Termination of Employment and Change of Control Arrangements
 
     The Chairman, President, and Senior Vice President Finance have two year
contracts (which automatically renew for one year periods unless the Corporation
chooses not to extend) providing for compensation equal to five times their
annual compensation (with a provision to gross up to cover the cost of any
federal excise tax on the benefits) in the event their employment is terminated
(including a voluntary departure for good cause) and the right to equivalent
office space and secretarial help for a period of one year after a change in
control. In addition, the remainder of the officers named in the compensation
table and certain key employees have two year contracts providing for three
times their annual compensation in the event their employment is terminated
after a change in control (including a voluntary departure for good cause). Both
types of contracts provide for the continuation of employee benefits, for three
years for the three senior executives and two years for the others, and the
right to purchase the leased car used by the covered individual at the
Corporation's then book value. The same provisions concerning change in control
that apply to the contracts apply to the SERP and vest the right to that pension
arrangement. A change of control triggers the right to a lump sum payment equal
to the present value of the vested benefit under the SERP.
 
Salary Committee Interlocks and Insider Participation in Compensation Decisions
 
     A Salary Committee is appointed each year by the Board of Directors.

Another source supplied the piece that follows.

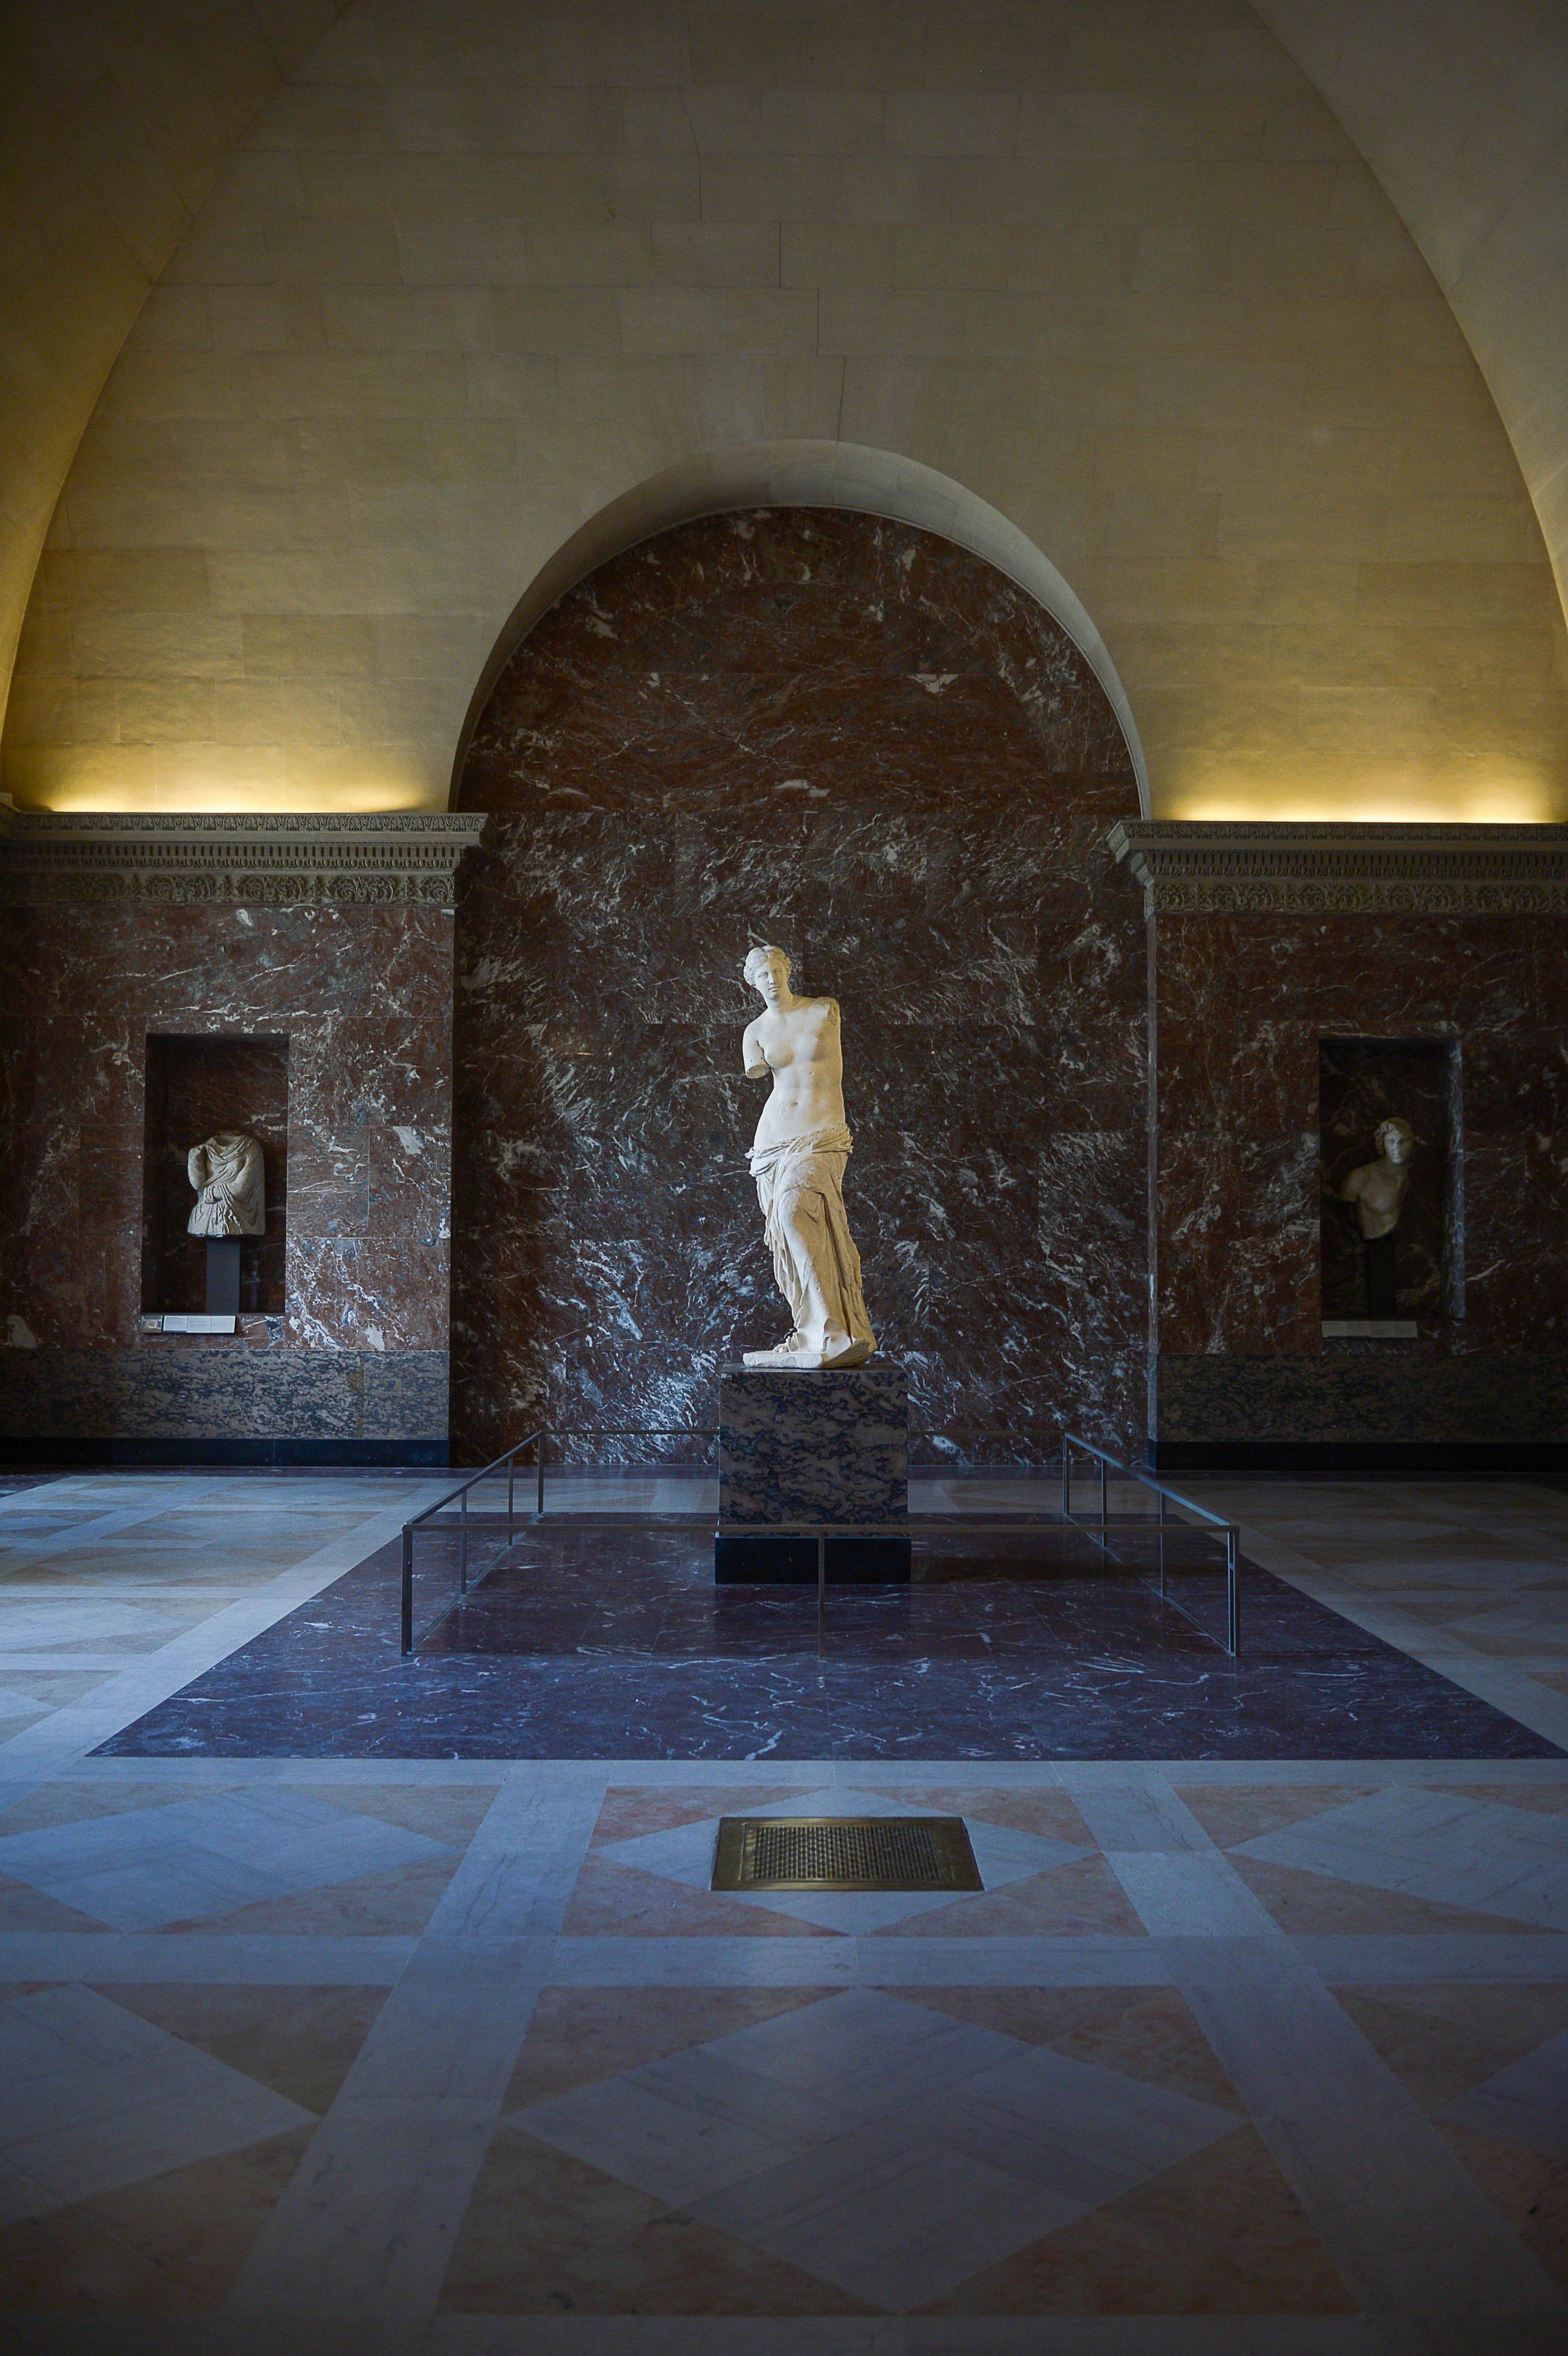 这是7月6日在法国巴黎卢浮宫博物馆拍摄的雕塑《断臂维纳斯》

Committee members abstain from voting on matters which involve their own
compensation arrangements. The Salary Committee for the year 1993 was comprised
of three Directors: Louis Berkman, Alvin G. Keller and William D. Eberle.
 
     Louis Berkman is an employee of the Corporation and Chairman of the
Executive Committee of the Board of Directors. He is also the President and a
Director of The Louis Berkman Company. The Corporation's Chief Executive Officer
and President are also officers and directors of The Louis Berkman Company.
 
     The Louis Berkman Company and William D. Eberle had certain transactions
with the Corporation, which are more fully described under "Certain
Relationships and Related Transactions."
 
                                       5
<PAGE>
Salary Committee Report on Executive Compensation
 
     The Salary Committee approves salaries for executive officers within a
range from $150,000 up to $200,000 and increases in the salary of any executive
officers which would result in such officer earning a salary within such range.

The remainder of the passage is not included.